Install Skaha after Traefik, POSIX Mapper, and Cavern. The chart creates the Skaha service account RBAC (Jobs, Pods, IngressRoute, Middleware in the workload namespace, and related permissions) when rbac.create is true (default). Optional Kueue integration RBAC is configured under deployment.skaha.sessions.kueue.rbac or via the Kueue RBAC manifests above.

Chart source

The Skaha Helm chart lives alongside the service in opencadc/science-platform (helm/). Install from the published chart science-platform/skaha, or use that directory when developing the chart.

The Skaha service will manage User Sessions.
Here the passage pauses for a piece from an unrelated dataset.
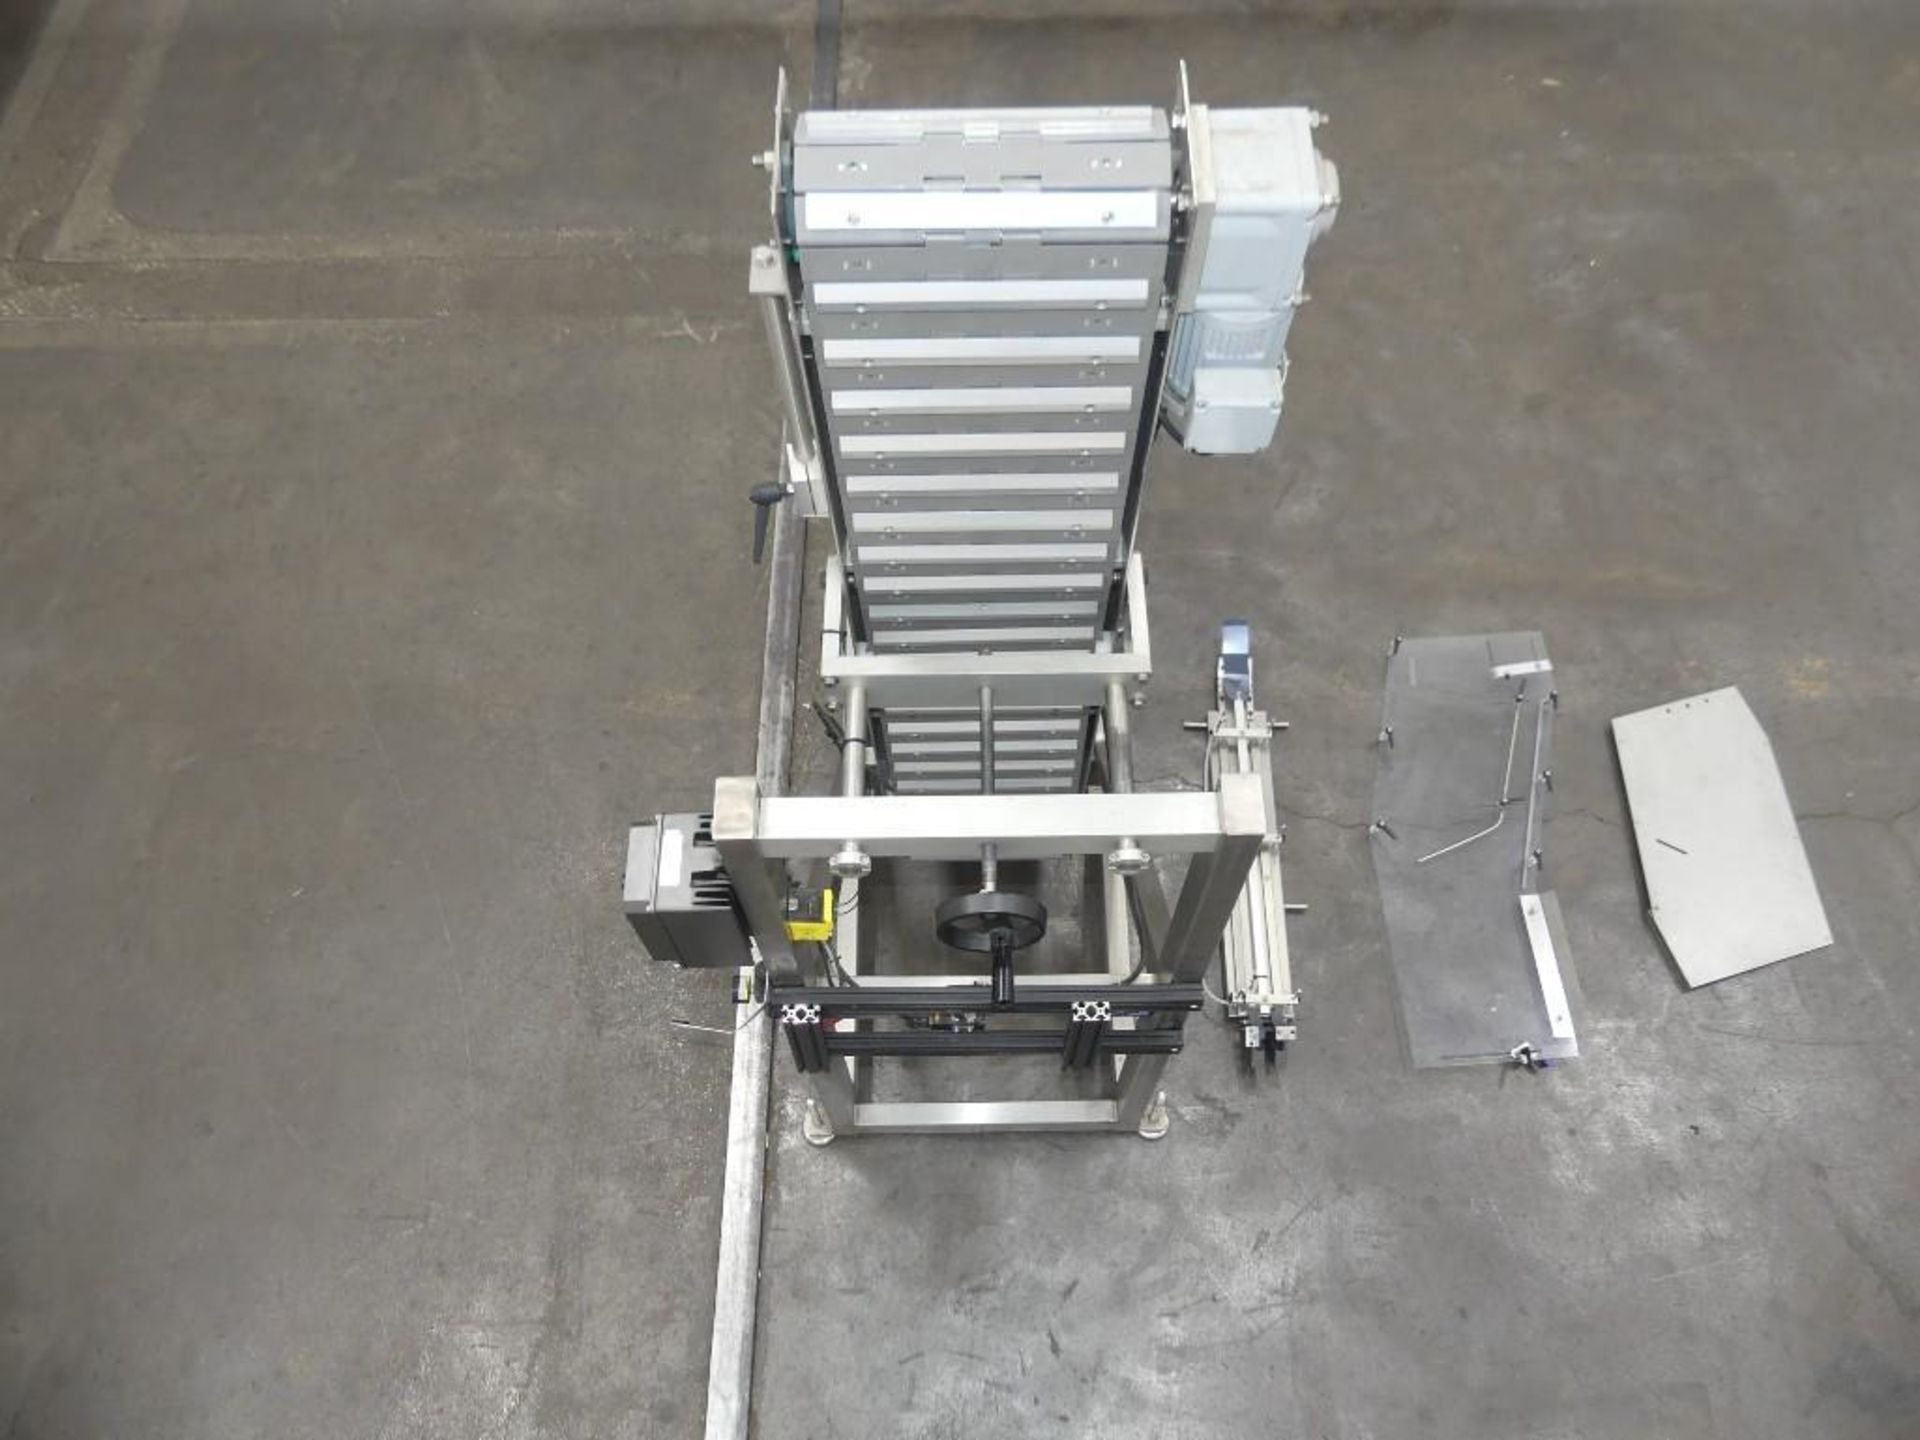 2019 AccuTek Packaging Equipment Co. 50-C0E-CH2 Stainless Steel Cap Loader Elevator - Image 9 of 25

It relies on the POSIX Mapper being deployed, and available to be found via the IVOA Registry:

/reg/resource-caps

...
# Ensure the hostname matches the deployment hostname.
ivo://example.org/posix-mapper = https://example.host.com/posix-mapper/capabilities
...

Create a my-skaha-local-values-file.yaml file to override Values from the main template values.yaml in opencadc/science-platform (see also the Skaha chart page).

my-skaha-local-values-file.yaml

# Skaha web service deployment
deployment:
  hostname: example.org
  skaha:
    # Optionally set the DEBUG port.
    # extraEnv:
    # - name: CATALINA_OPTS
    #   value: "-agentlib:jdwp=transport=dt_socket,server=y,suspend=n,address=0.0.0.0:5555"
    # - name: JAVA_OPTS
    #   value: "-agentlib:jdwp=transport=dt_socket,server=y,suspend=n,address=0.0.0.0:5555"

    # Uncomment to debug.  Requires options above as well as service port exposure below.
    # extraPorts:
    # - containerPort: 5555
    #   protocol: TCP

    defaultQuotaGB: "10"

    # Space delimited list of allowed Image Registry hosts.  These hosts should match the hosts in the User Session images.
    registryHosts: "images.canfar.net"

    # The IVOA GMS Group URI to verify images without contacting Harbor.
    # See https://www.ivoa.net/documents/GMS/20220222/REC-GMS-1.0.html#tth_sEc3.2
    adminsGroup: "ivo://example.org/gms?skaha-admin-users"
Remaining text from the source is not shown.